Despite the potential precariousness of government funding, this study shows government organizations remained a source of funding for molecular biology databases long into their lifetimes. Indeed, the vast majority of databases evaluated here continued to depend on some government support. However, a slim majority (54.0%) relied solely on government organizations and an even smaller percentage (31.7%) relied on a single government source. Thus, the data show many of these long-lived databases do, in fact, draw on diverse funding streams. Alternatives to funding from government organizations fell into a number of categories. Academic organizations, namely universities, and private philanthropies both contributed funding to approximately 20% of the databases. Industry organizations were numerous in number; however, the majority were attributed to a funding statement for single database such that this example may be an outlier. All told, although evidence of diversification was observed, of the 176 mentions of funding organizations within database articles, 83 (47.2%) are attributed to the top 9 funders represented in Table 1, meaning 10% of funding organizations identified here make up nearly half of all funding attributions.

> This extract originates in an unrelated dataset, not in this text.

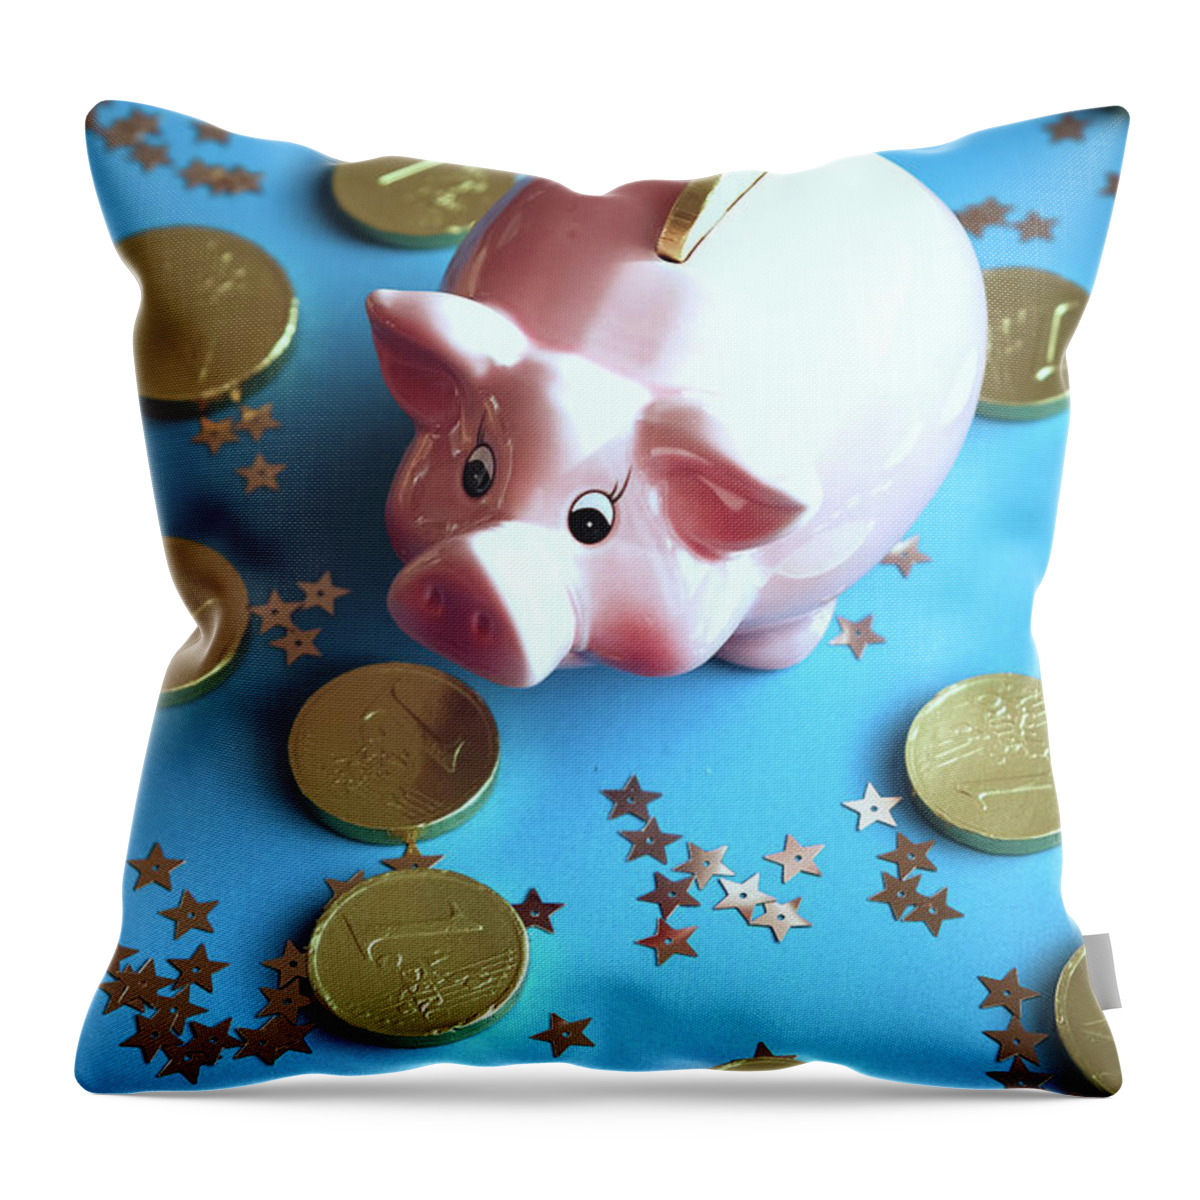 Piggy Bank On The Background With The Chocoladen Coins Bymarina Usmanskaya Throw Pillow featuring the photograph Piggy bank on the background with the chocoladen coins by Marina Usmanskaya

The organizations that provide operational support are smaller in number, but more distributed across the organizational types. Here, academic organizations were more likely to bear the load by providing operational support for long-lived databases. Attwood et al. noted a trend of responsibilities falling to institutions, and concluded future support from institutions will be “key” for the sustainability of databases (Attwood et al., 2015). Indeed, it appears that academic institutions are already core to the ecosystem by providing operational support to several especially highly cited databases, such KEGG: Kyoto Encyclopedia of Genes and Genomes (Kyoto University) and RDP: Ribosomal Database Project (Michigan State University). Certainly, a push for deepening institutional commitments to database longevity will continue. Within the study here, no one academic institution was found to host more than two databases; i.e. individual universities seem unlikely to assume responsibility for multiple long-lived molecular biology databases. This is unsurprising given the challenge academic organizations face in their attempt to equitably support research infrastructure across all domains, including the Social Sciences and Arts and Humanities, and not just Science, Technology, Engineering, and Mathematics (STEM) fields. On one hand, the large number of academic organizations providing operational support signals further diversification. However, similar to funding, there is also a concentration of operational responsibilities falling to a small number of unique organizations, namely government and philanthropic organizations. The results indicate that the top 10% of operating organizations bear the responsibility for a third of the databases studied here. While concentration into a few organizations carries the benefit of shared infrastructure, a shift in stability or priorities for any of these organizations could likewise jeopardize the operational support currently provided.
Alternative funding models are often discussed in the context of database sustainability, and many of the long-lived databases within this study have faced economic challenges. In 2016, the National Institutes of Health’s National Human Genome Research Institute told 9 databases they must identify new funding models by 2020 (Kaiser, 2016); 6 of those 9 are included in this study. Alternative funding models often include targeting philanthropies, a model already in place for several of the persistent databases analyzed here. Both the Bill and Melinda Gates Foundation and the Institute Pasteur are absent despite being prominent philanthropic supporters of health research; however, the first and second most prominent philanthropies, the Wellcome Trust and the Howard Hughes Medical Institute, respectively, were both identified here as contributors to these long-lived molecular biology databases (Viergever and Hendriks, 2016).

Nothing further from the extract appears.